CREATE OR REPLACE FUNCTION powa_my_datasource_snapshot(srvid integer)
RETURNS void AS $PROC$
BEGIN
    INSERT INTO public.powa_my_datasource_snapshot_table
        SELECT srvid, *
        FROM public.powa_my_datasource_src(srvid);
END;
$PROC$ language plpgsql;

aggregate(integer):

This function will be called after every powa.coalesce number of snapshots. It is responsible for aggregating the current staging values into another table, to reduce the disk usage for PoWA. Usually, this will be done in an aggregation table named powa_my_datasource_history. The function signature looks like this:

CREATE OR REPLACE FUNCTION powa_my_datasource_aggregate(srvid integer)
RETURNS void AS $PROC$
...
$PROC$ language plpgsql;

purge(integer):

This function will be called after every 10 aggregates and is responsible for purging stale data that should not be kept. The function should take the powa.retention global parameter into account to prevent removing data that would still be valid.

CREATE OR REPLACE FUNCTION powa_my_datasource_aggregate(srvid integer)
RETURNS void AS $PROC$
...
$PROC$ language plpgsql;

unregister(integer):

This function will be called if the related extension is dropped.

Please note that the module name used in the powa_functions table has to be the same as the extension name, otherwise this function will not be called.

This function should at least remove entries from powa_functions table. A minimal function would look like this:

CREATE OR REPLACE function public.powa_my_datasource_unregister(srvid integer)
RETURNS bool AS
$_$
BEGIN
    DELETE FROM public.powa_functions WHERE module = 'my_datasource';
        RETURN true;
END;
$_$
language plpgsql;

Optional functions for data snapshot

query_cleanup:: This can contain any SQL code, which will be executed as-is for remote snapshot by powa-collector just after the query_source function has been executed. The same code should normally be present in the snapshot function for local snapshot, when the passed server id is 0. This is normally not required, but if for example you don’t want to store cumulated data in each snapshot, this is the right place to reset the metrics your extension stores.
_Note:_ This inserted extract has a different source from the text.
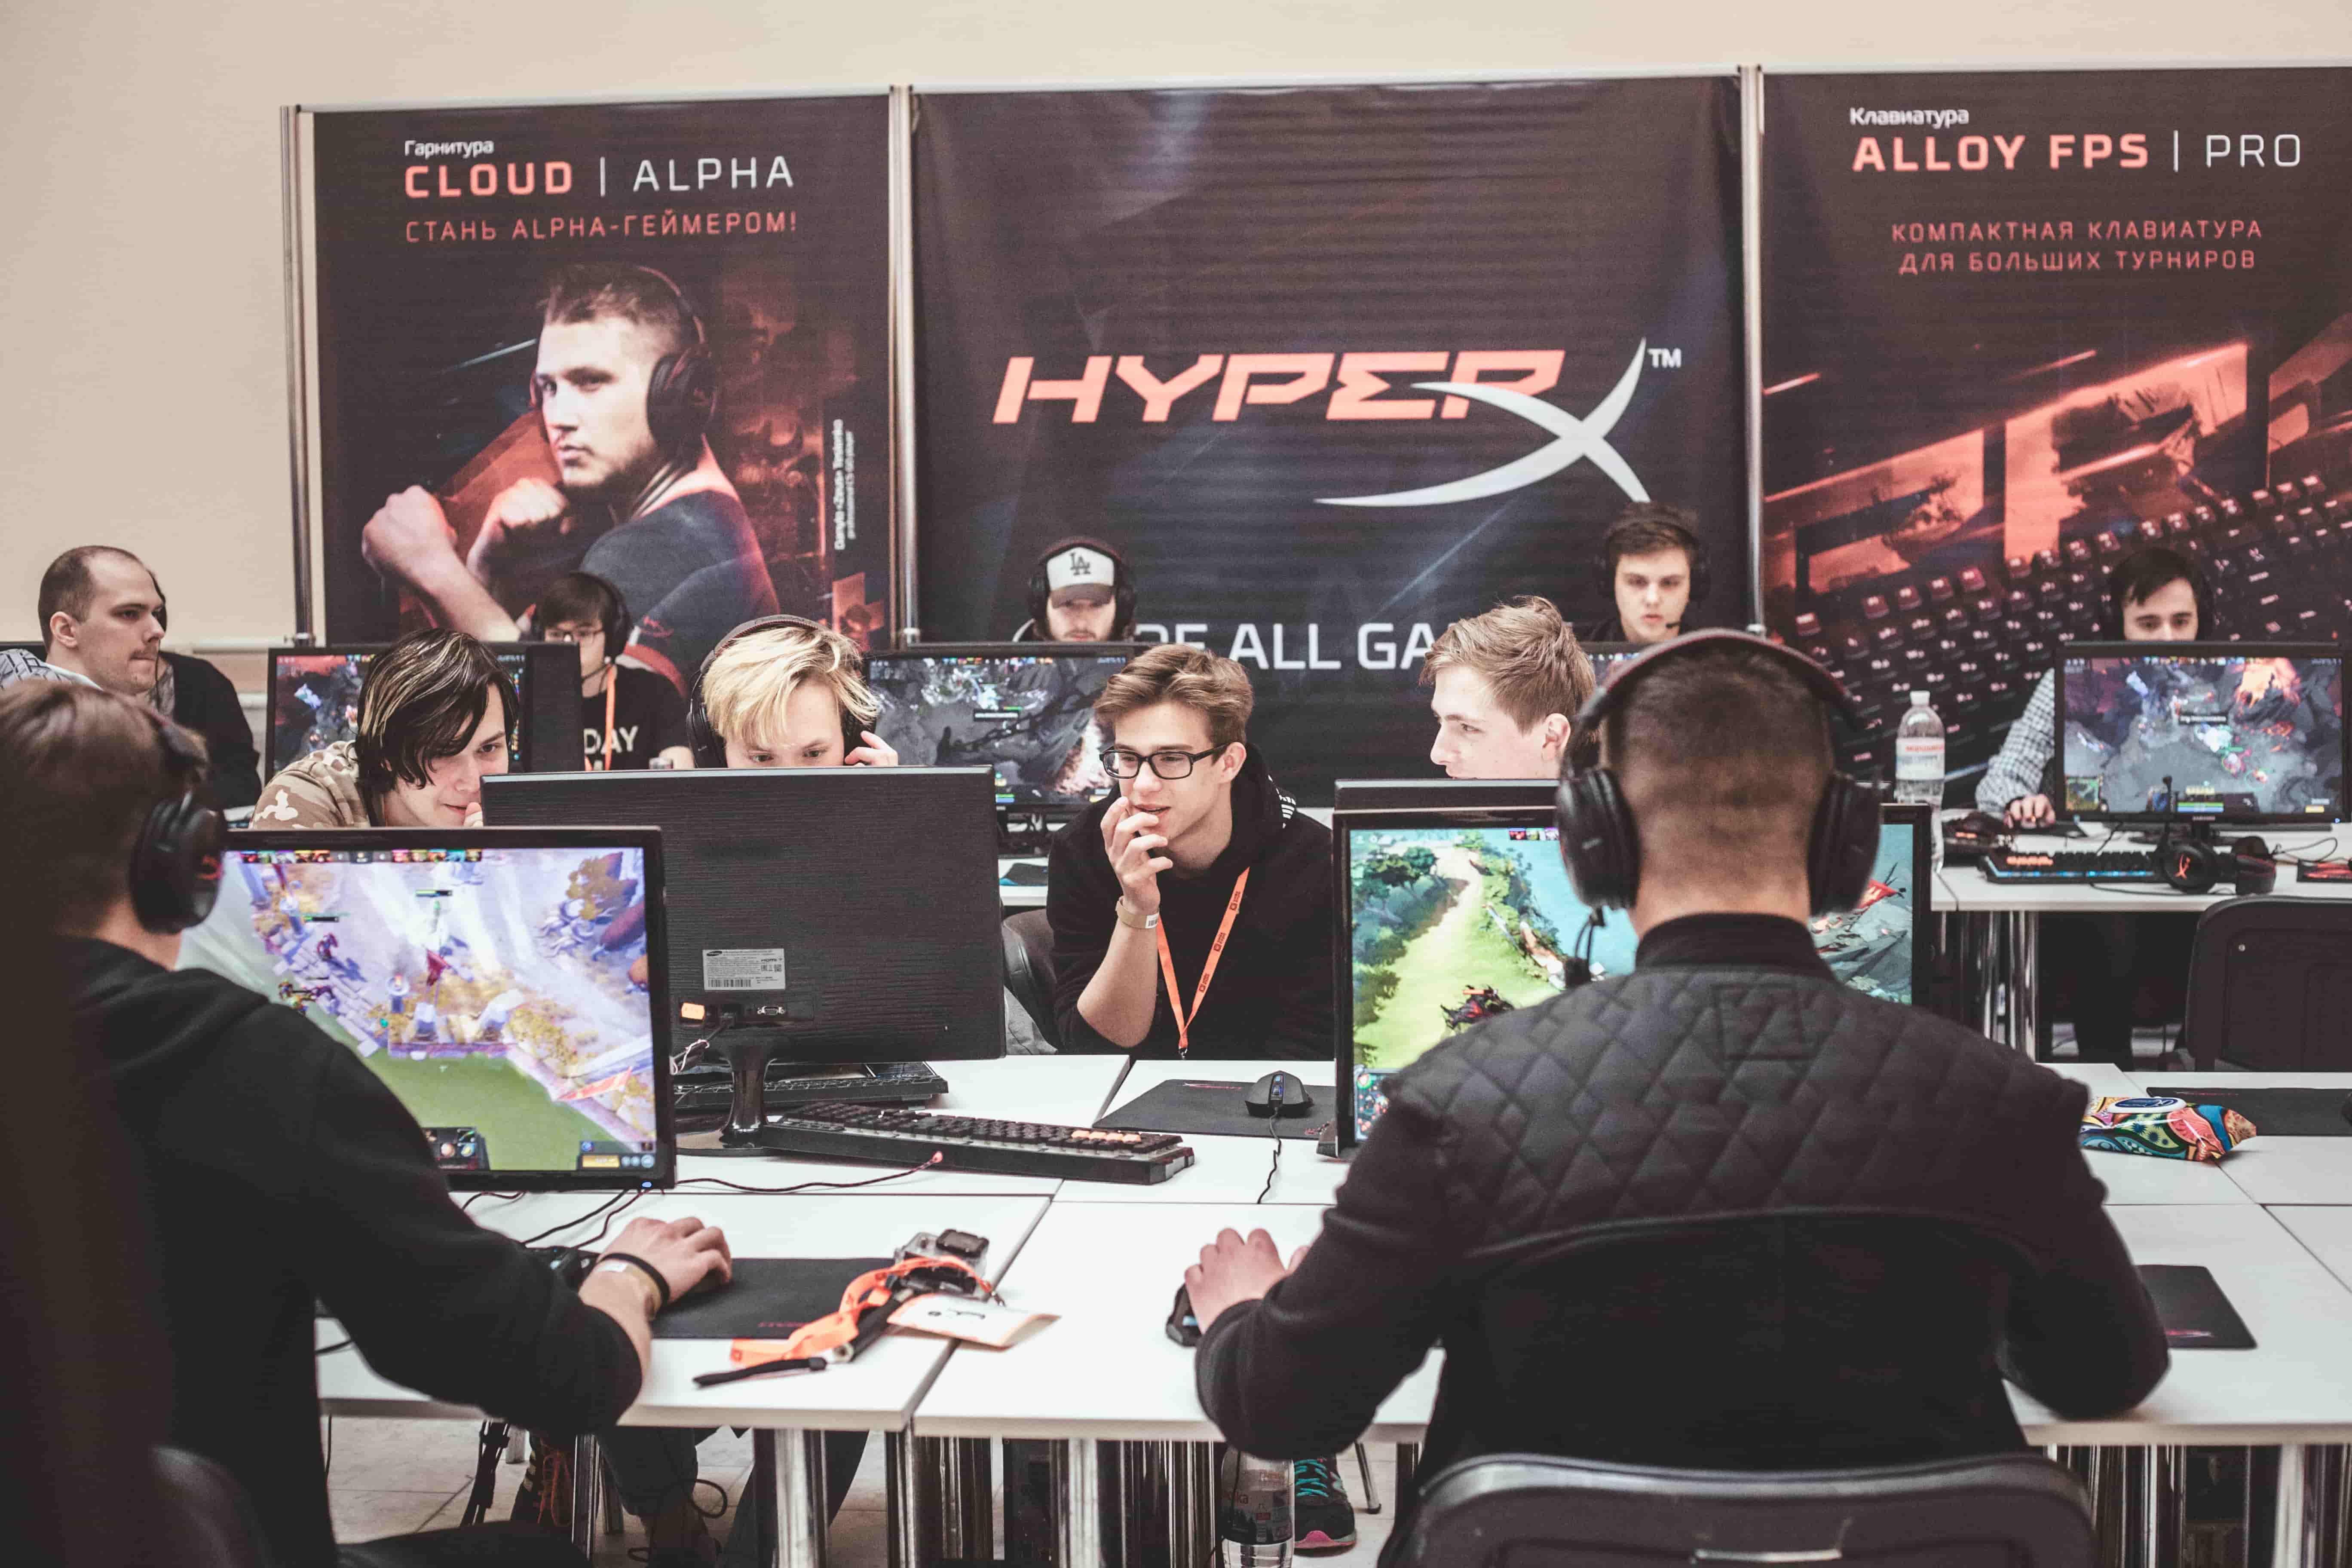 WeGame 5.0 eSports Festival in Kiev 2019 | Cybersport Tournament in Ukraine - 3

You can refer to pg_qualstats integration for a usage example.

Warning

This can’t be used as a way to free any resources the query_source function could have allocated, as this function isn’t guaranteed to be executed in some corner cases (error during query_source execution, fast shutdown of the collector…)

Warning

You should obviously be very careful with what you store in this field, or who you allow to update the powa_functions table, as no verification is done on the content.

Registering functions for data snapshot

Each of these functions should then be registered:

INSERT INTO powa_functions (module, operation, function_name, query_source, added_manually)
VALUES  ('my_datasource', 'snapshot',   'powa_mydatasource_snapshot',   'powa_my_datasource_src', true),
        ('my_datasource', 'aggregate',  'powa_mydatasource_aggregate',  NULL,                     true),
        ('my_datasource', 'unregister', 'powa_mydatasource_unregister', NULL,                     true),
        ('my_datasource', 'purge',      'powa_mydatasource_purge',      NULL,                     true);

Transient table required for data remote snapshot

When Remote setup is used, data from the source extensions have to be exported from the remote server to the repository server. Each data source therefore require a transient table to store those exported data on the repository server until the remote snapshot is finished.
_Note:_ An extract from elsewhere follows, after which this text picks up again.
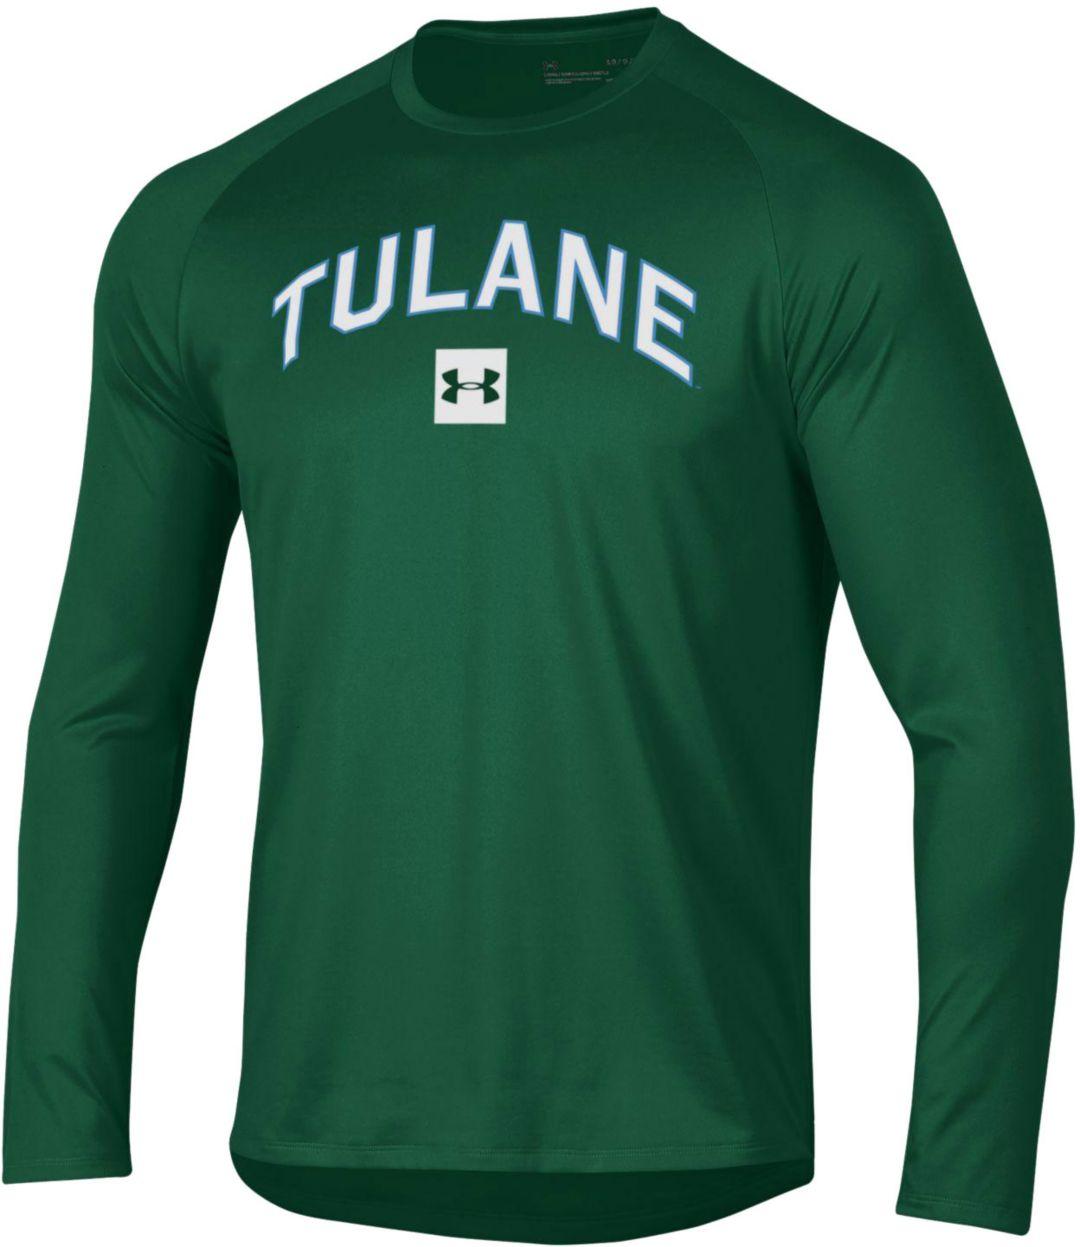 promo code d7d8d a695a Under Armour Men's Tulane Green Wave Olive Long Sleeve Tech Performance  T-Shirt

The table must use this naming convention:

public.${snapshot_function_name}_tmp

For instance, if you’re adding the my_datasource data source, and the snapshot function is name powa_my_datasource_src(integer), the transient table has to be named:

public.powa_my_datasource_src_tmp

This table must have its first column declared as srvid integer NOT NULL. The rest of the column must match the output of the underlying datasource function. It’s usually recommended to have this function also returns the timestamp when the data was acquired.

For instance, if the my_datasource query source only returns a single integer value, the table would be declared like this:

CREATE TABLE public.powa_my_datasource_src_tmp(
    srvid integer NOT NULL,
    ts timestamp with time zone NOT NULL,
    my_counter integer NOT NULL
);

Note

The data stored in those table is only used, and valuable, while the snapshot is performed. So for performane reason, it’s highly recommended to declare those tables as unlogged, as their data does not need to survive any incident.